_What is being asked_
Repeat the listing below word for word, minus the pictures.

_Collected material_

+ + + + +

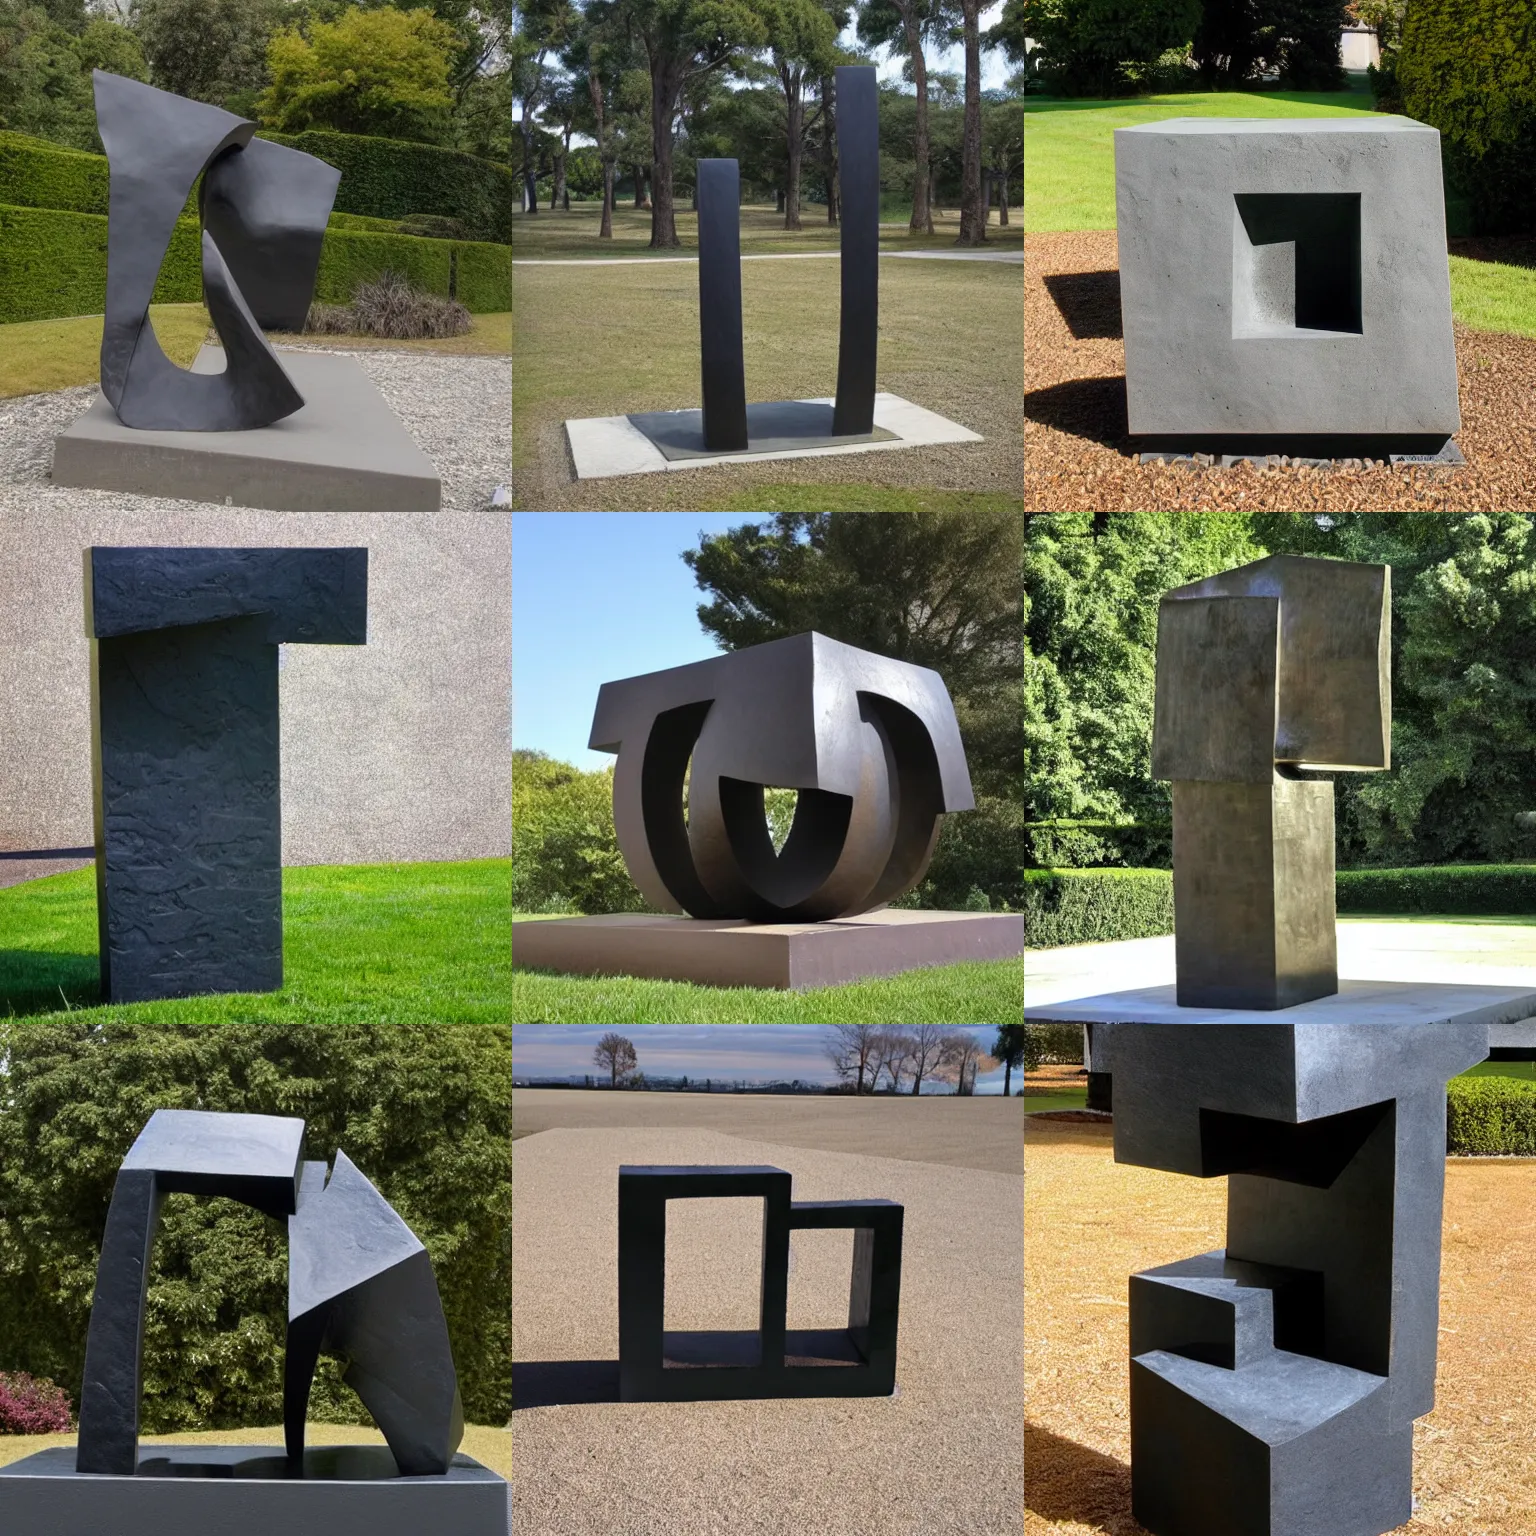 Prompt: Award-winning sculpture by Eduardo Chillida. The sculpture represents earth, a solid block. Made of steel, abstract style
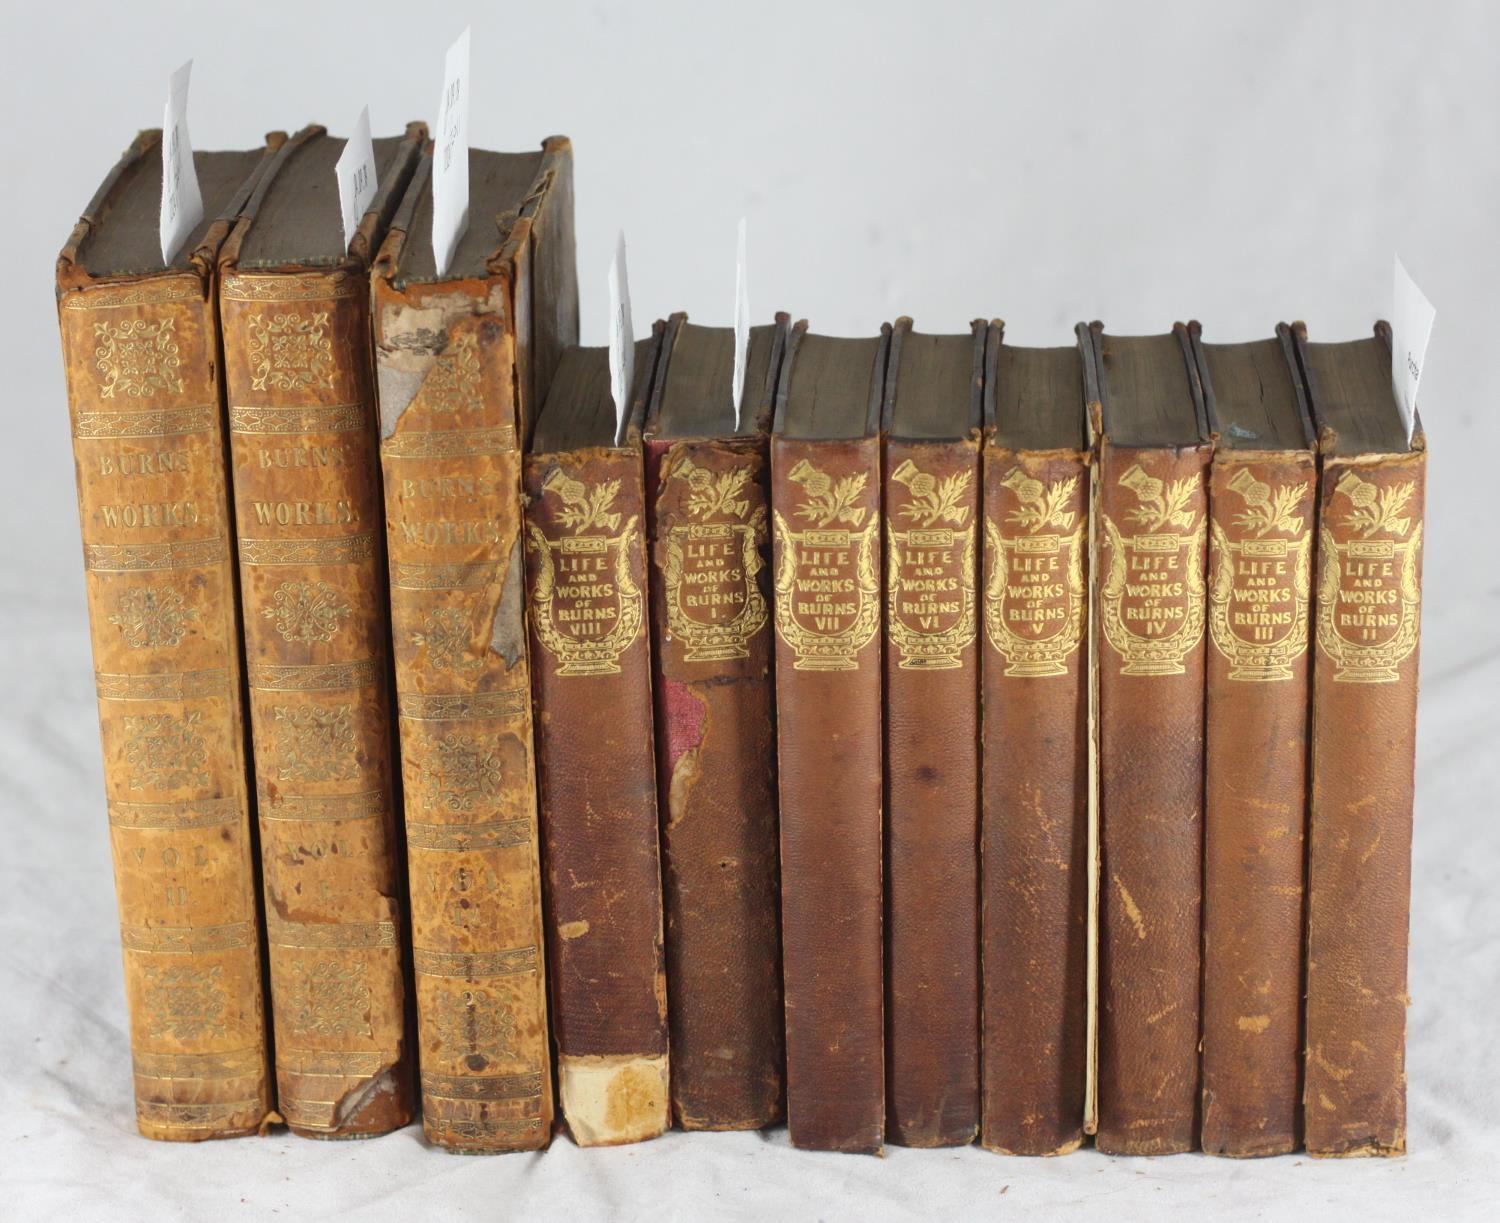 The Life and Works of Robert Burns, 8 volumes, in gilt-tooled red covers, published by James
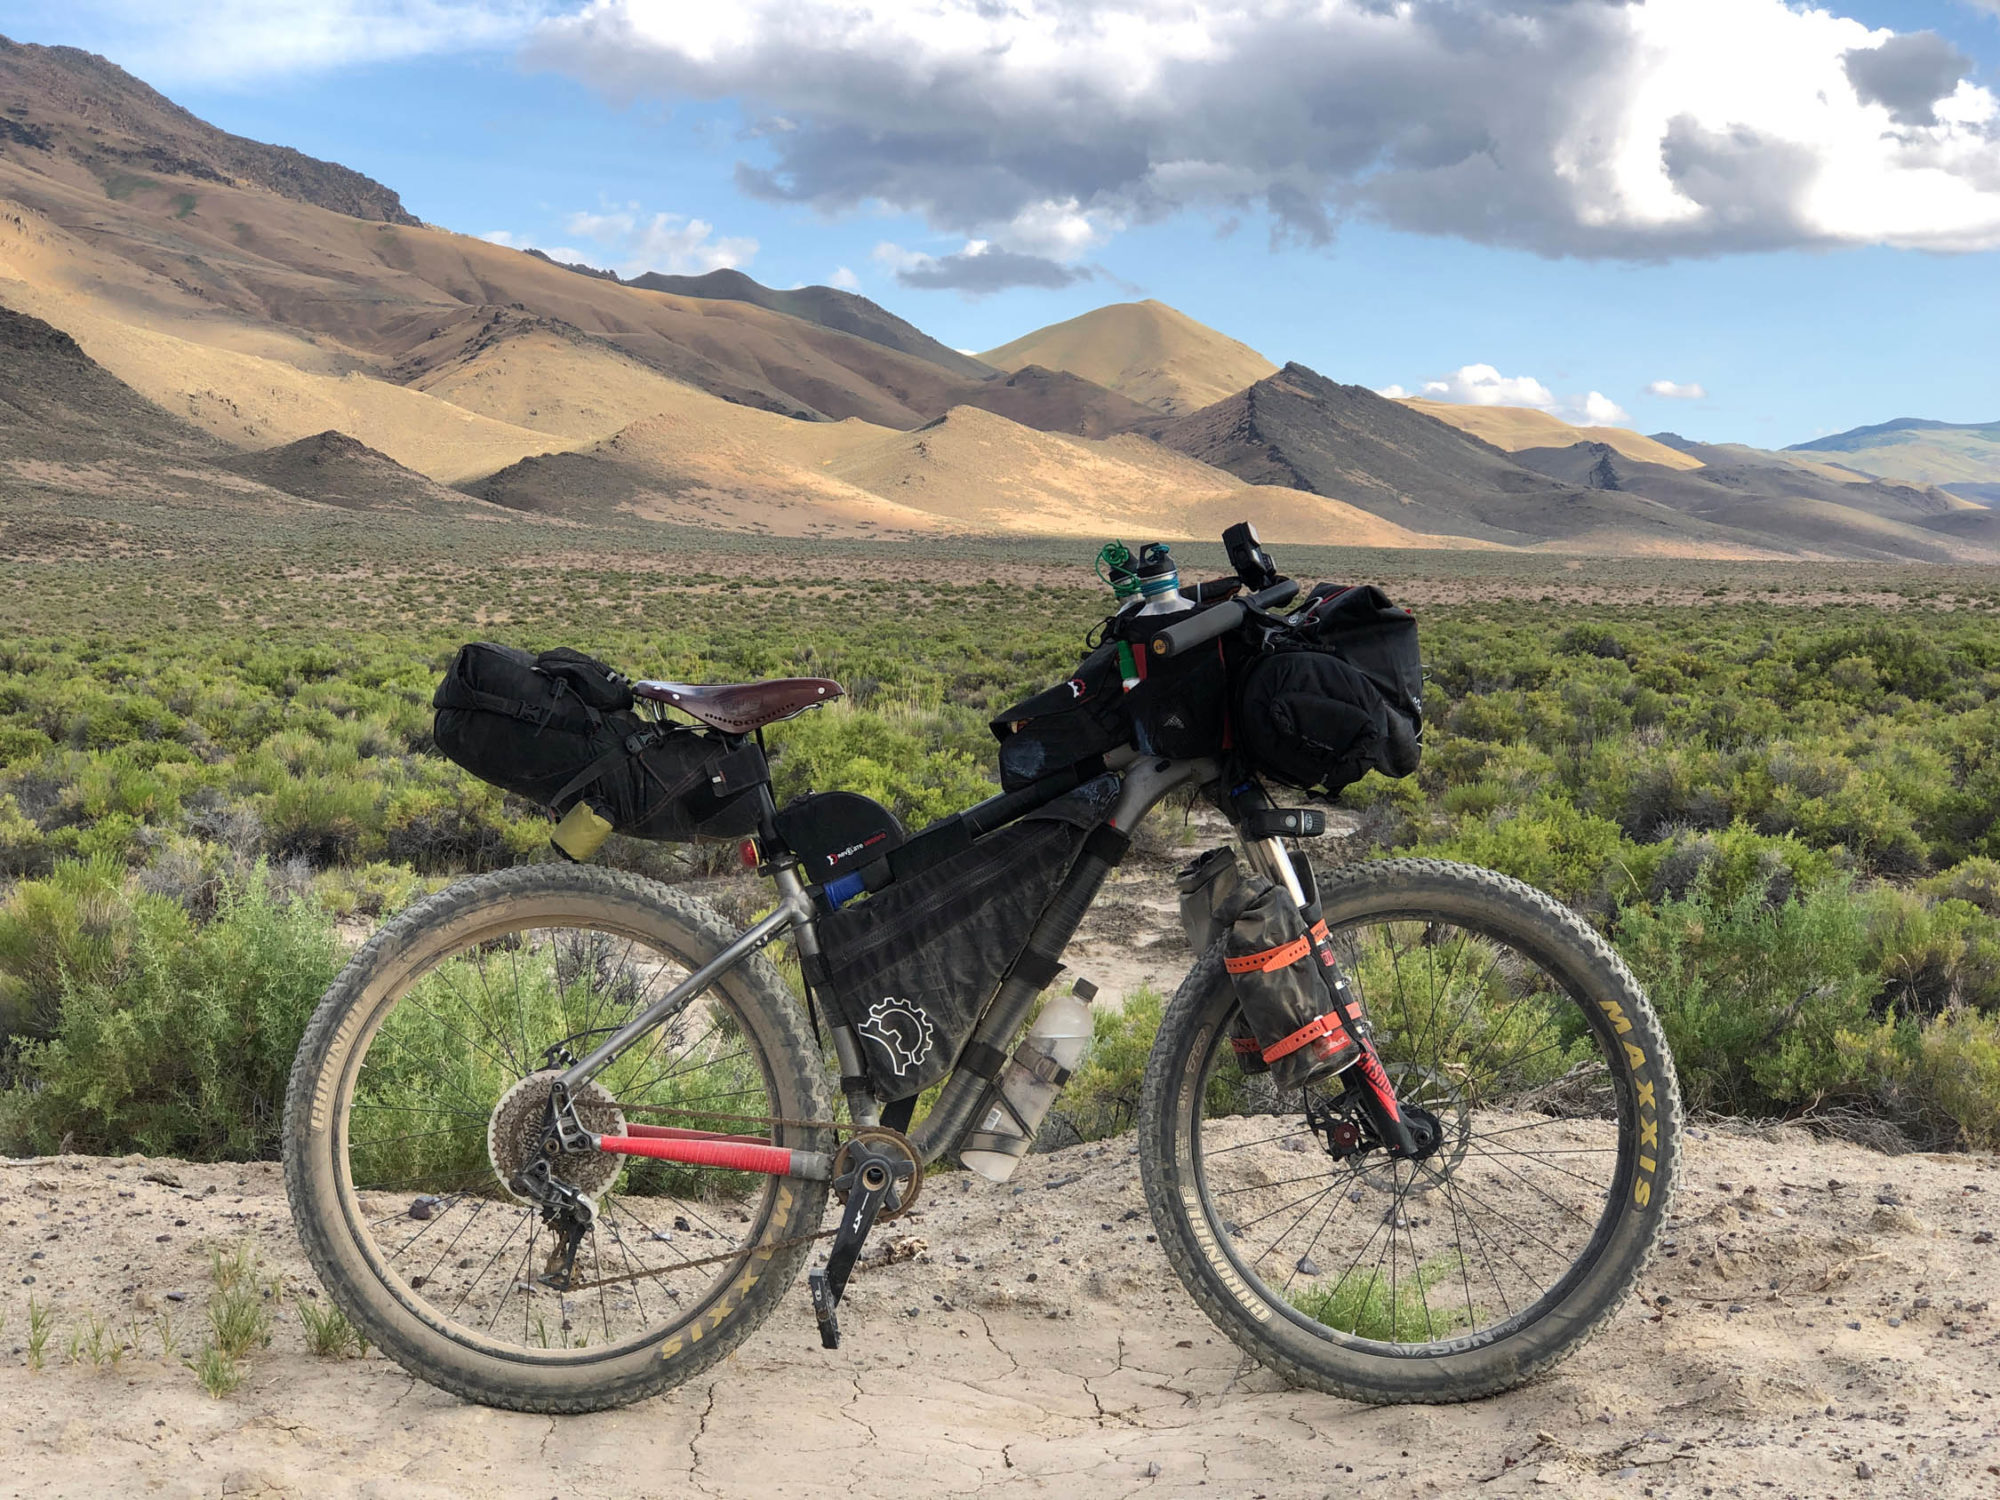 Tomas Quinines, Man found lying in the desert, Oregon Big Country bikepacking

+ + + + +

_Result for this task_
 Prompt: Award-winning sculpture by Eduardo Chillida. The sculpture represents earth, a solid block. Made of steel, abstract style
 The Life and Works of Robert Burns, 8 volumes, in gilt-tooled red covers, published by James
 Tomas Quinines, Man found lying in the desert, Oregon Big Country bikepacking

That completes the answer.